The glial growth factors deficiency and synaptic destabilization hypothesis of schizophrenia

• Published in: BMC psychiatry Vol. 2; no. 1; p. 8
• Main Authors: Moises, Hans W, Zoega, Tomas, Gottesman, Irving I
• Format: Journal Article
• Language: English
• Published: England BioMed Central Ltd 03.07.2002; BioMed Central; BMC
• Subjects: Adolescent; Adult; Age of Onset; Brain - growth & development; Child; Child, Preschool; Genetic Linkage; Genetic Predisposition to Disease - genetics; Genotype; Humans; Hypothesis; JC virus; Models, Genetic; Models, Theoretical; Neuregulin-1 - genetics; Neuregulin-1 - physiology; Neuroglia - physiology; Phenotype; Risk Factors; Schizophrenia - genetics; Schizophrenia - physiopathology; Seasons; Synapses - genetics; Synapses - physiology
• ISSN: 1471-244X; 1471-244X
• DOI: 10.1186/1471-244x-2-8

A systems approach to understanding the etiology of schizophrenia requires a theory which is able to integrate genetic as well as neurodevelopmental factors. Based on a co-localization of loci approach and a large amount of circumstantial evidence, we here propose that a functional deficiency of glial growth factors and of growth factors produced by glial cells are among the distal causes in the genotype-to-phenotype chain leading to the development of schizophrenia. These factors include neuregulin, insulin-like growth factor I, insulin, epidermal growth factor, neurotrophic growth factors, erbB receptors, phosphatidylinositol-3 kinase, growth arrest specific genes, neuritin, tumor necrosis factor alpha, glutamate, NMDA and cholinergic receptors.

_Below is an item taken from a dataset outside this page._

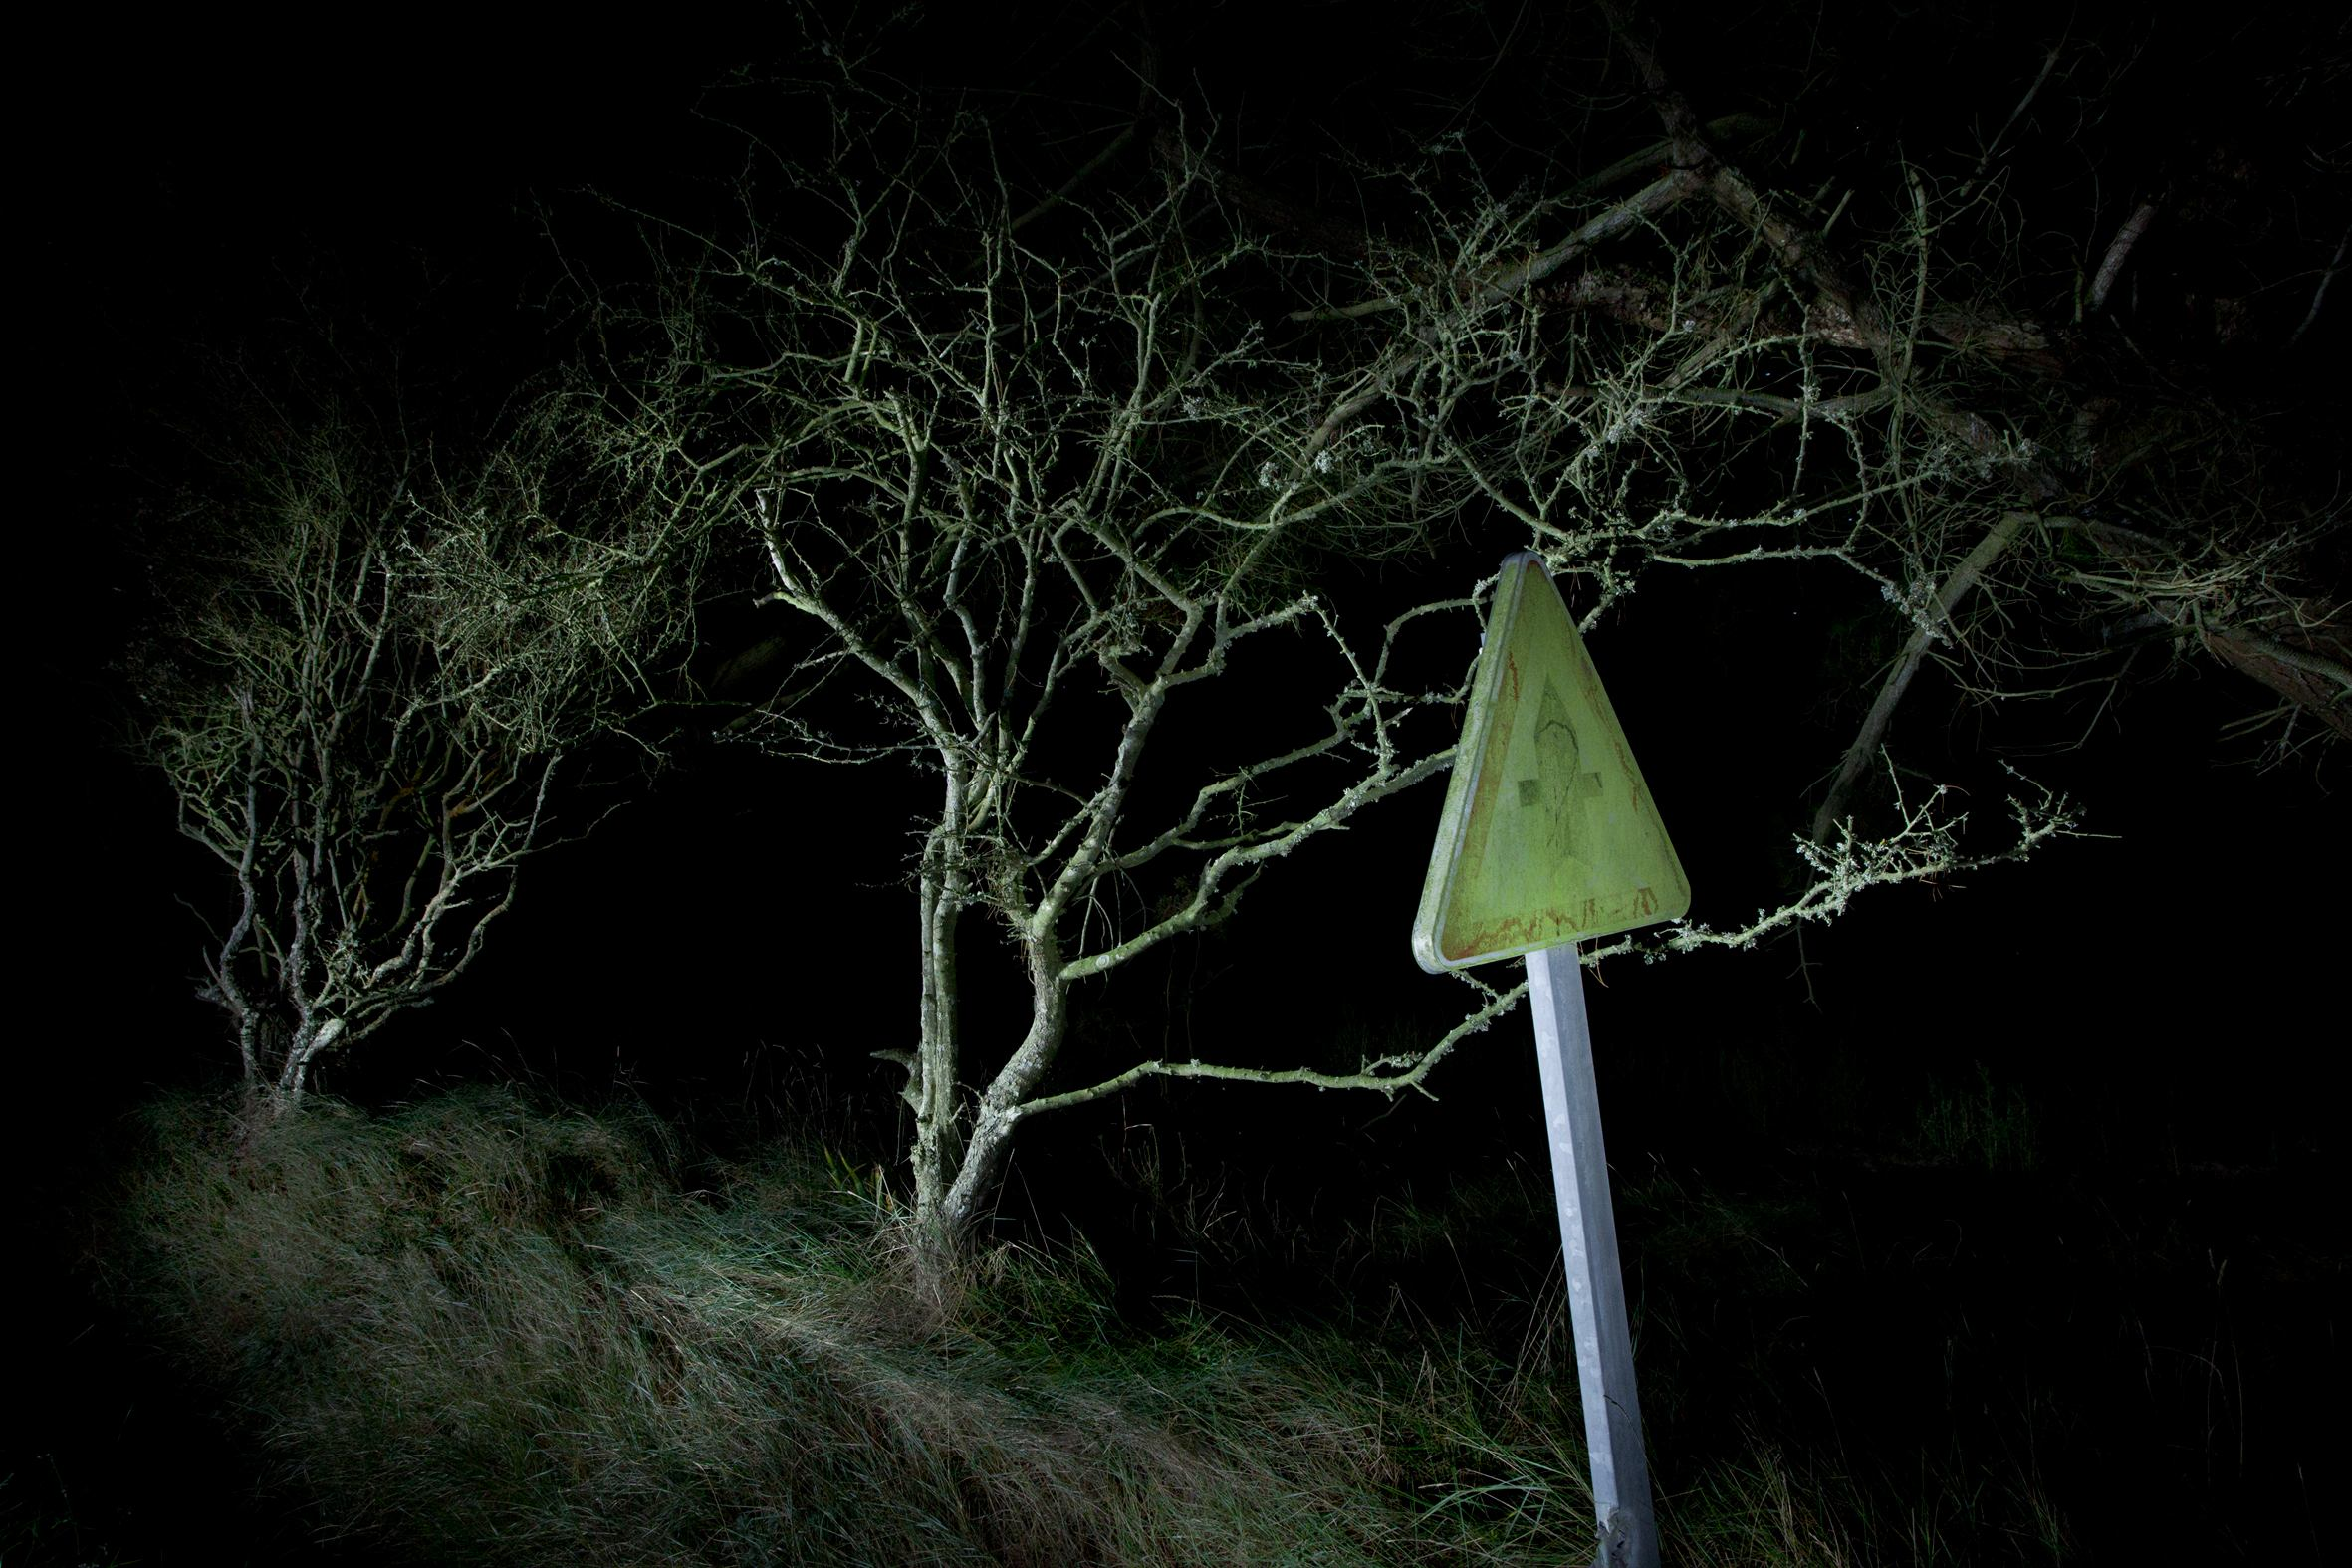 Extrait de la série Nocturnes Végétales

A genetically and epigenetically determined low baseline of glial growth factor signaling and synaptic strength is expected to increase the vulnerability for additional reductions (e.g., by viruses such as HHV-6 and JC virus infecting glial cells). This should lead to a weakening of the positive feedback loop between the presynaptic neuron and its targets, and below a certain threshold to synaptic destabilization and schizophrenia. Supported by informed conjectures and empirical facts, the hypothesis makes an attractive case for a large number of further investigations. The hypothesis suggests glial cells as the locus of the genes-environment interactions in schizophrenia, with glial asthenia as an important factor for the genetic liability to the disorder, and an increase of prolactin and/or insulin as possible working mechanisms of traditional and atypical neuroleptic treatments.